Выбери любимый жанр

Три пьесы для пуритан - Шоу Бернард Джордж - Страница 1


Изменить размер шрифта:

1

Бернард Шоу

Три пьесы для пуритан

ПОЧЕМУ ДЛЯ ПУРИТАН?

Многое изменилось в моей жизни за два года, прошедших с тех пор, как я подарил миру свои "Приятные и неприятные пьесы". Тогда я только что вступил в четвертую годовщину своей деятельности критика лондонских театров. Театры едва не прикончили меня. Я выдержал семь лет борьбы с лондонской музыкой, четыре или пять - с лондонской живописью и примерно столько же с современной литературой, вкладывая в критическую битву с ними все свои силы и умение. Переход к деятельности театрального критика принес мне с точки зрения физических усилий огромное облегчение. Различие между праздностью персидской кошки и лямкой извозчичьей клячи не больше, чем различие между обязательным, раз или два в неделю, хождением театрального критика на спектакли и утомительной ежедневной беготней музыкального критика с трех часов пополудни, когда начинаются концерты, и до двенадцати ночи, когда заканчивается опера. С живописью было почти так же скверно. Как-то раз некий альпинист, взглянув на толстые подошвы моих башмаков, спросил меня, не занимаюсь ли я восхождением на горы. Нет, ответил я, эти башмаки предназначены для твердых полов лондонских выставочных залов. Все же было время, когда в часы, остающиеся свободными от моей деятельности новичка-революционера, я совмещал музыку с живописью, писал пьесы, книги и прочие трудоемкие вещи.

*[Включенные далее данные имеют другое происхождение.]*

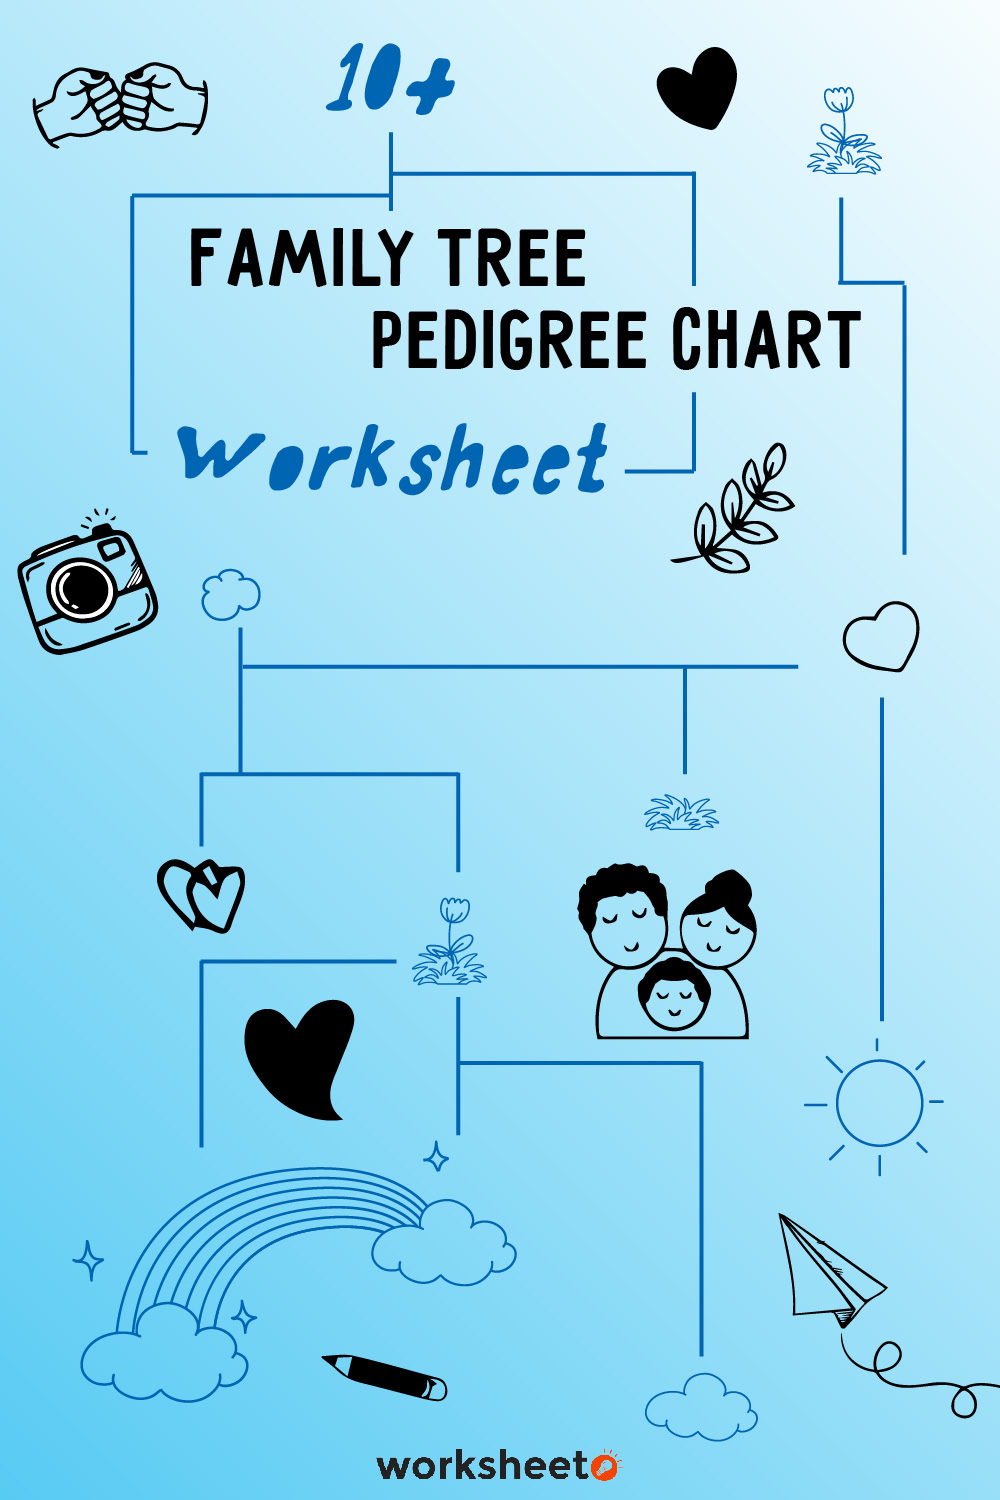 Family Tree Pedigree Chart Worksheet
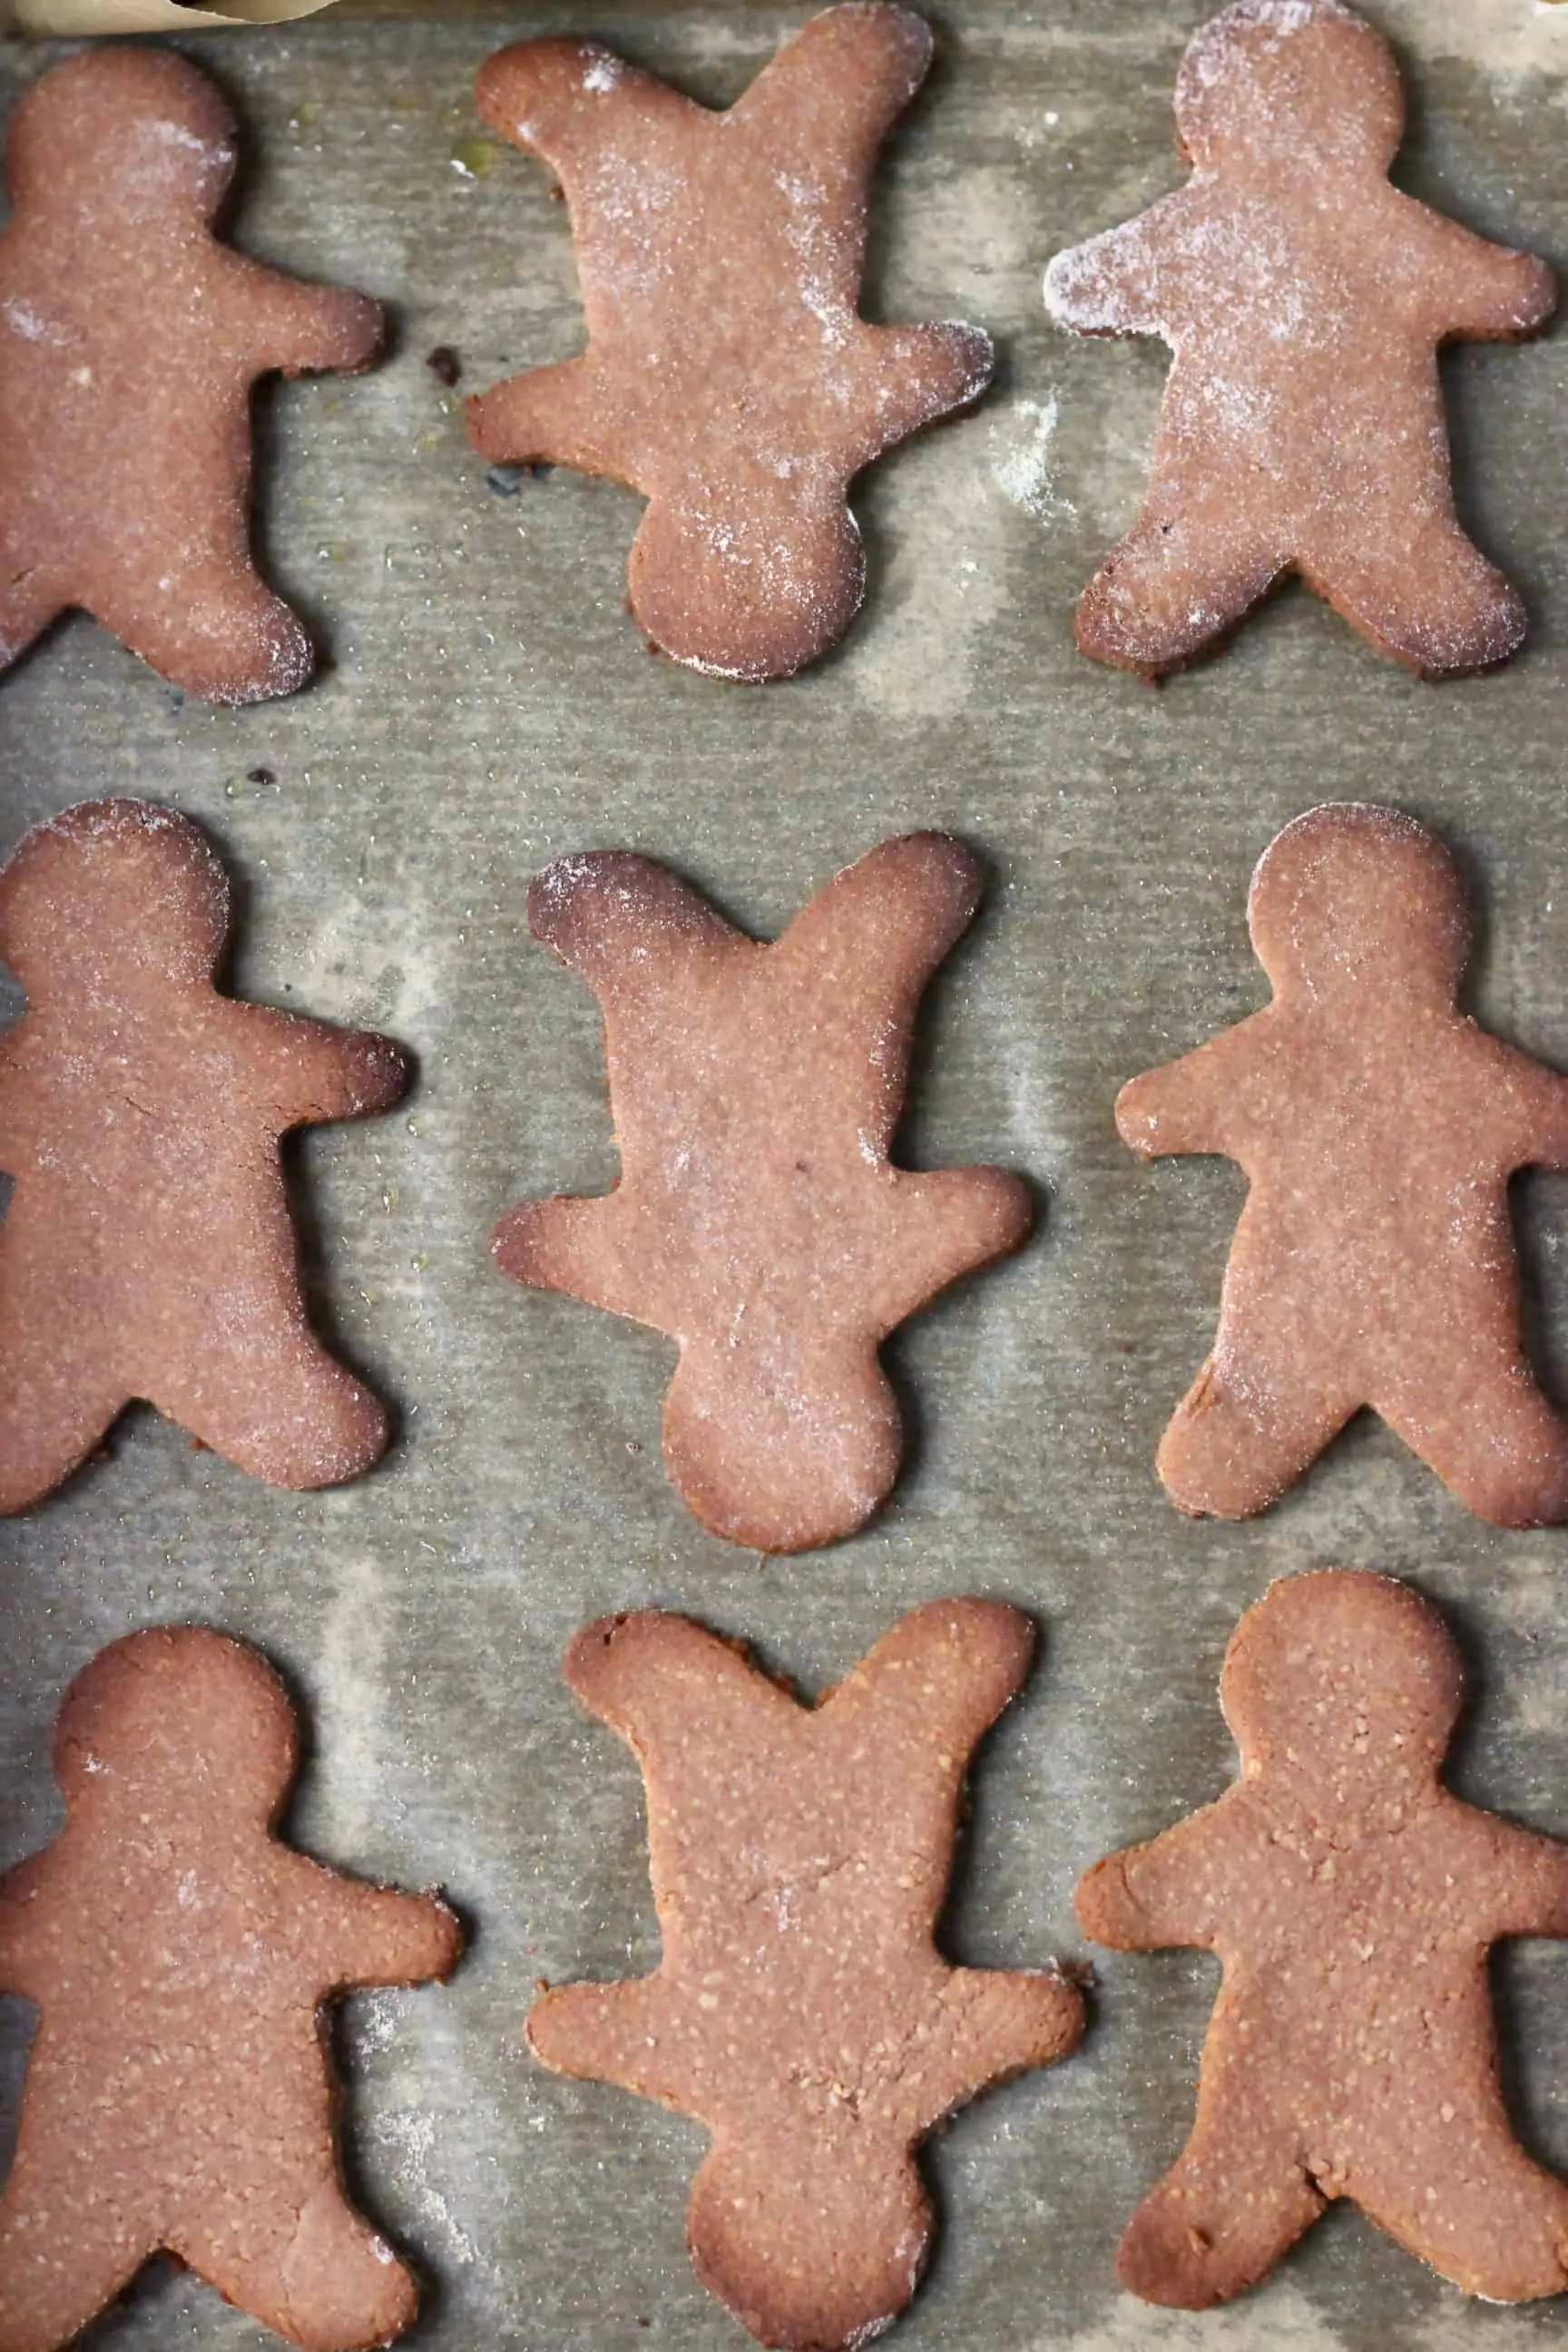 Nine baked gluten-free vegan gingerbread cookies on a sheet of baking paper

Но театр сбил меня с ног, как последнего заморыша. Я изнемог под его тяжестью, словно рахитичный младенец. Даже кости мои стали разрушаться, и прославленным хирургам пришлось долбить их и скоблить. Я упал с высоты и переломал себе конечности. Доктора сказали: "Этот человек двадцать лет не ел мяса. Ему либо придется есть его, либо он умрет". Я сказал: "Этот человек три года ходит в лондонские театры, душа его опустошена и наперекор природе пожирает тело". И я был прав. Я не стал есть мясо, но отправился в горы, где не было театров, и там я начал оживать. Слишком слабый, чтобы работать, я писал книги и пьесы. Тогда-то и появились вторая и третья пьесы этого сборника. И теперь я гораздо здоровее, чем был когда-либо, с тех пор как впервые в качестве театрального критика переступил роковой порог лондонского балагана.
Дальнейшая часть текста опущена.